¹ AFEC = average full equivalent cycles. RCC = rainflow cycle counting.; ² PV power (kWp)/Diesel generator power (kVA)/Wind turbine power (kW)/Battery bank capacity (kWh); ³ LF = load following. CC = cycle charging.

. It is considered that the lithium batteries used can be LiFePO4/graphite or LiCoO2/graphite.
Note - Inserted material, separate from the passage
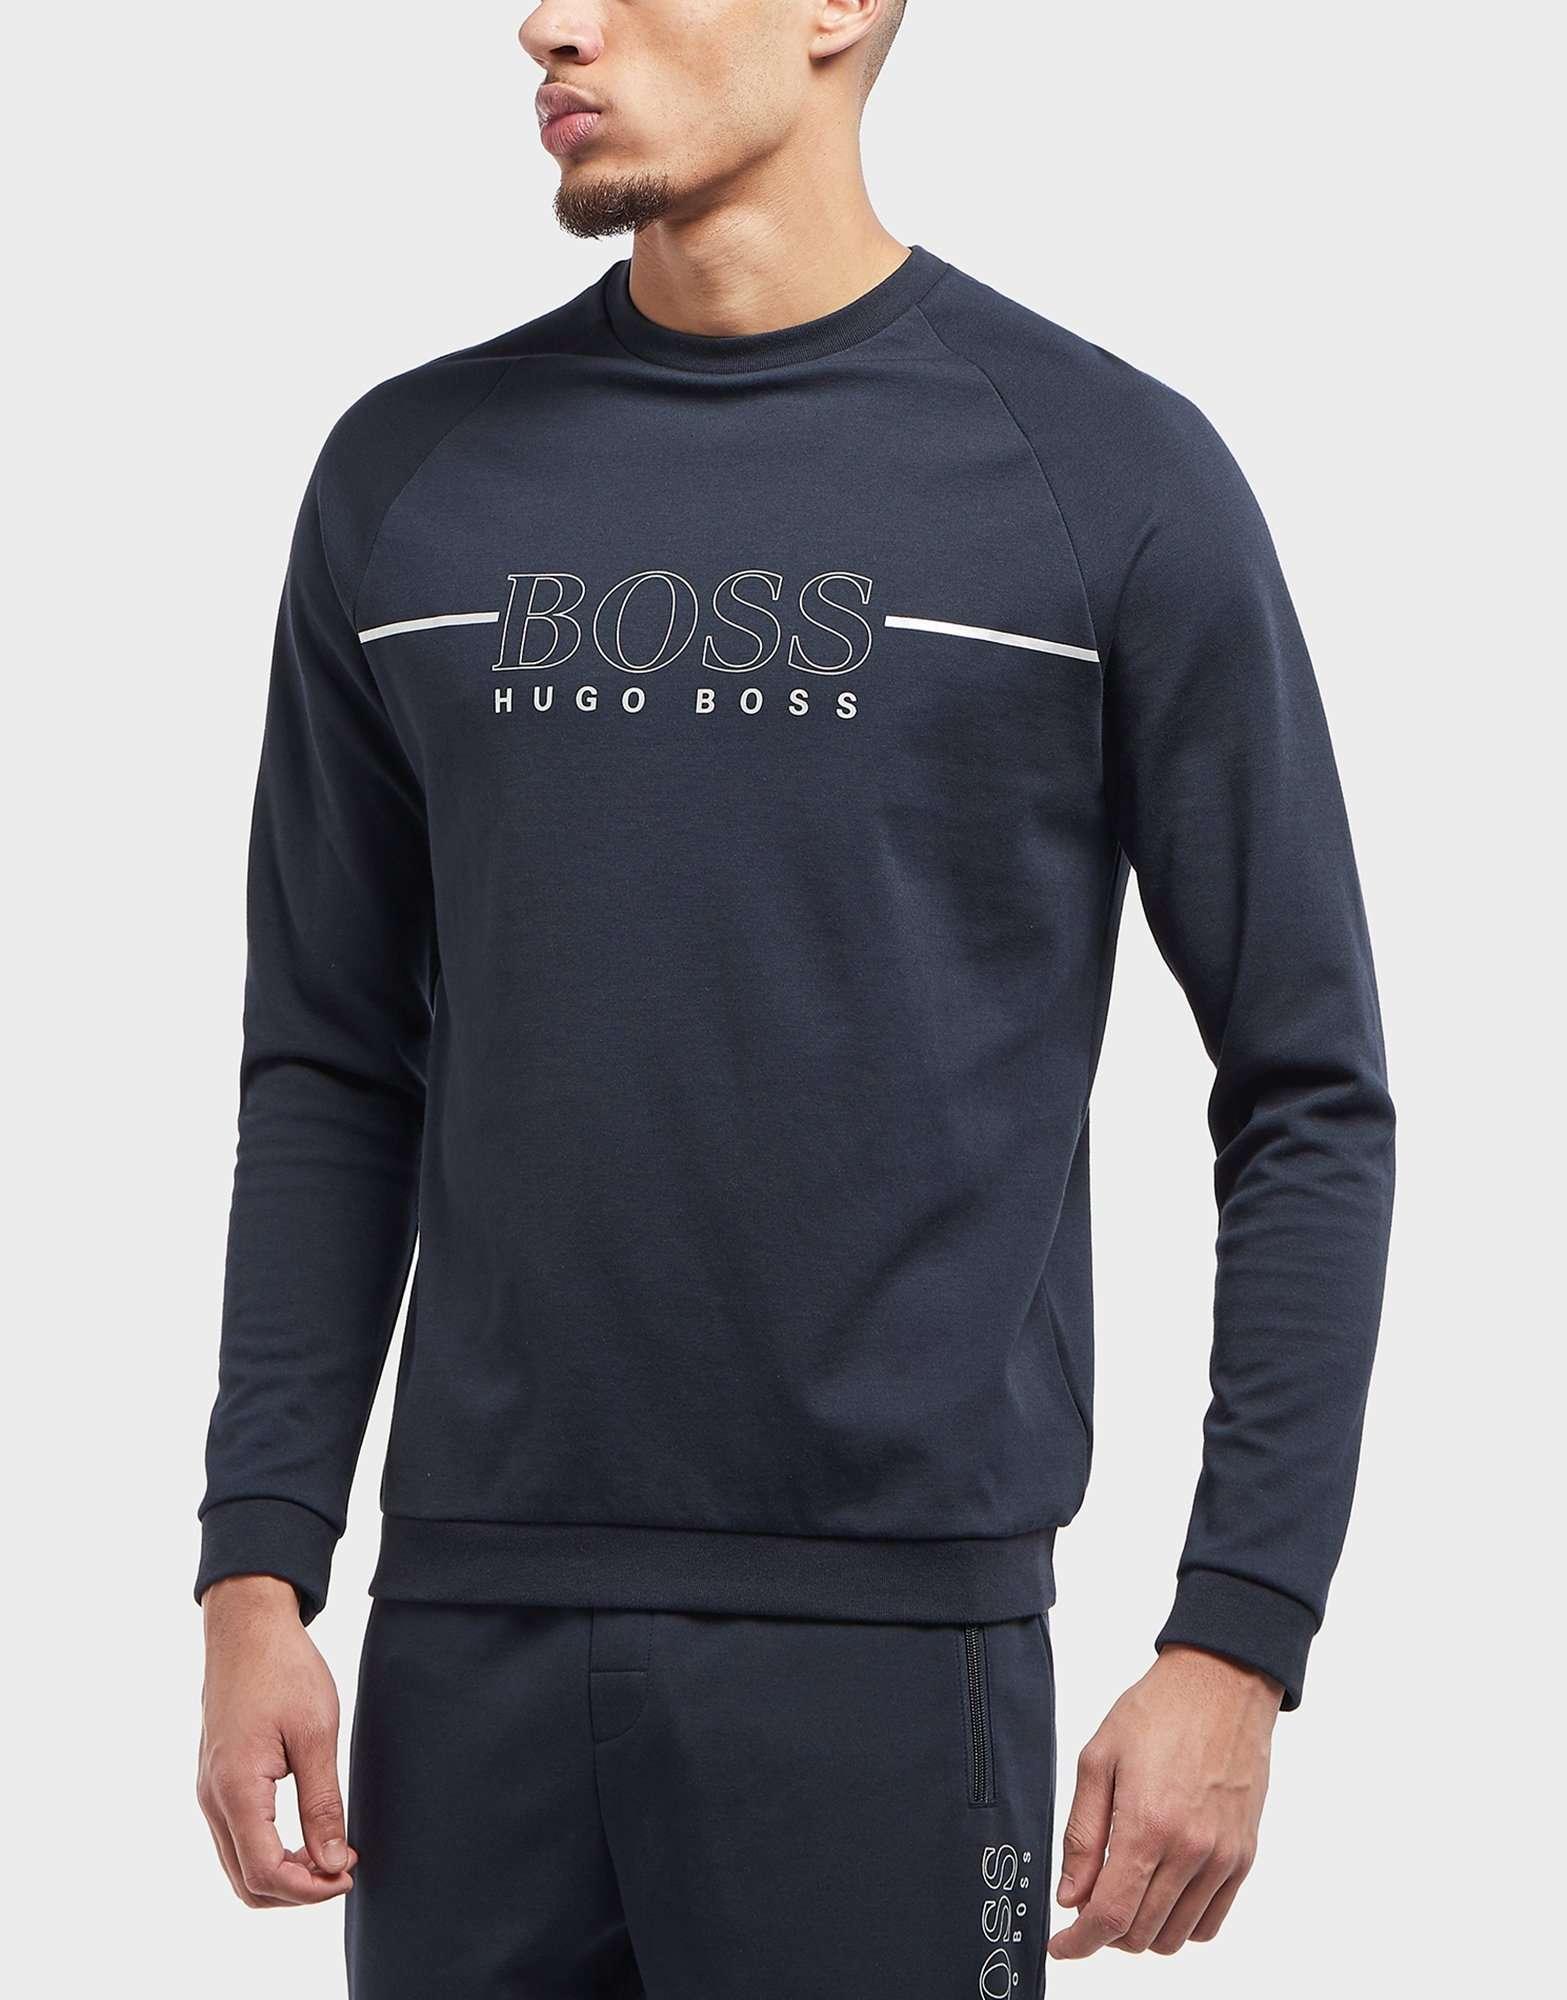 BOSS Foil Fleece Crew Sweatshirt

Wang et al.’s model proved the most optimistic even when compared to the Groot model when the temperature rises, whereas Saxena’s model showed similar results for different temperatures because it is based on the SOC.
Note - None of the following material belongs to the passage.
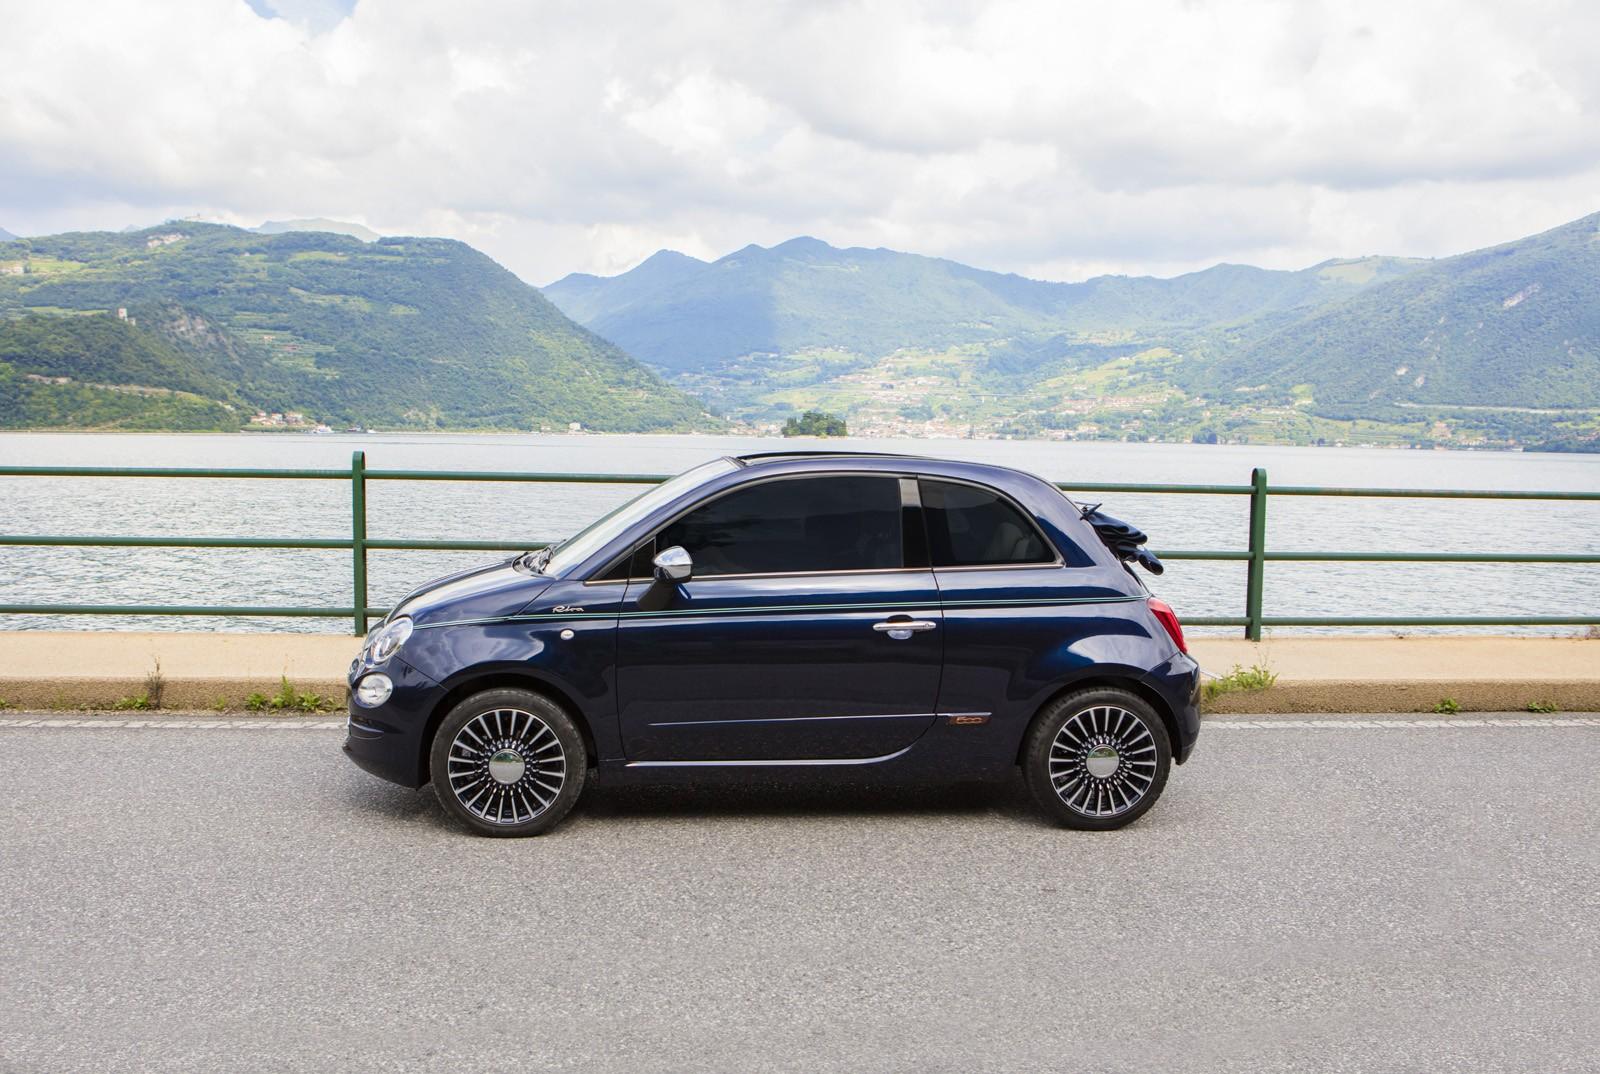 Fiat 500 Riva Edition Is Ready To Set Sail Autoevolution

It is observed in the results of Table 7 that even with the most pessimistic model, the NPC and LCOE are much lower than those of lead–acid battery optimizations using the realistic Schiffer model (Table 6), leading to the conclusion that lithium batteries are suitable for this case.

4. Discussion

In this work, different models and battery technologies have been compared in the optimization of a hybrid microgrid. The classic lead–acid battery aging models used by various researchers, such as the equivalent cycle model and the Rainflow cycle counting model, generally tend to overestimate the battery’s lifespan up to three times its actual duration. However, Schiffer et al.’s [13] weighted model has shown better results since their predictions are closer to the real ones. The results from the different optimizations show that lower net current costs (NPC) and lower LCOE are obtained for both lead–acid and lithium battery models; therefore, it is concluded that the current system is not optimized.
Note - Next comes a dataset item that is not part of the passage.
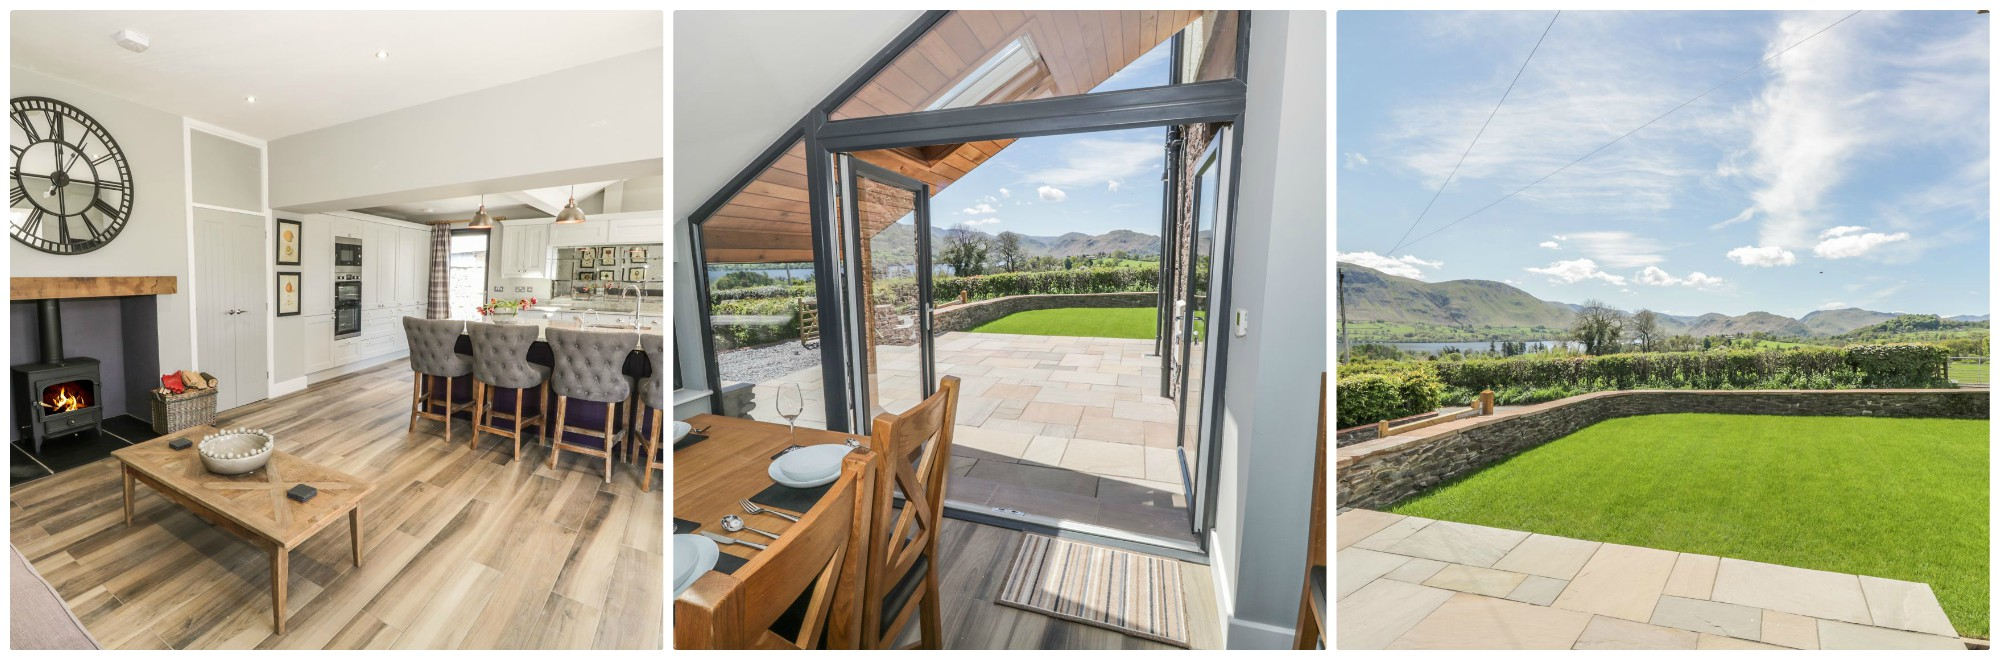 Stunning Lake Views from this fabulous modern Lake District holiday let near Ullswater

As for LiFePO4/graphite lithium–ferrophosphate batteries, Groot et al.’s [17] model presents more realistic results than Wang et al.’s [16] model, mainly due to temperature increases. Conversely, Saxena et al.’s [18] model showed the same results despite the variation in temperature, since the model is based on the SOC. Finally, comparing the two technologies (lead–acid vs. lithium), the results show lower NPC and LCOE costs for the case of lithium (compared to the realistic Schiffer model for lead–acid), which allows more optimistic insight into the exploration of new aging models for emerging technologies such as lithium batteries, as they represent an alternative storage technology for hybrid microgrids.

5. Conclusions

The most relevant conclusions of this work are as follows:

• Optimal dimensioning and management of the elements that make up a microgrid give rise to significant energy and economic benefits.
• Classic models for estimating battery life provide results that are too optimistic, so it is advisable to use models that are more realistic.
• The effect of temperature in the estimation of battery life can be significant, so models that consider this parameter should be used.
• Lithium-ion batteries are suitable as storage systems in a microgrid since they give rise to a lower cost throughout the life of the installation due to a longer lifespan than lead–acid batteries and a lower maintenance cost.

These conclusions allow us to state that it is necessary optimize the designs of microgrids not connected to the electricity grid since the economic benefits can be significant. An adequate design will allow for better use of renewable generation, and even take advantage of the surplus energy that can be used in electric vehicles, or in the case of islands, for water desalination. Furthermore, it is necessary to be open-minded and use other storage technologies, in addition to lead–acid batteries, since a lower initial cost does not imply that the total cost, throughout the life of the installation, will be low. Therefore, the use of other generation technologies, such as lithium-ion batteries, should be considered in the design, although their initial cost may be higher.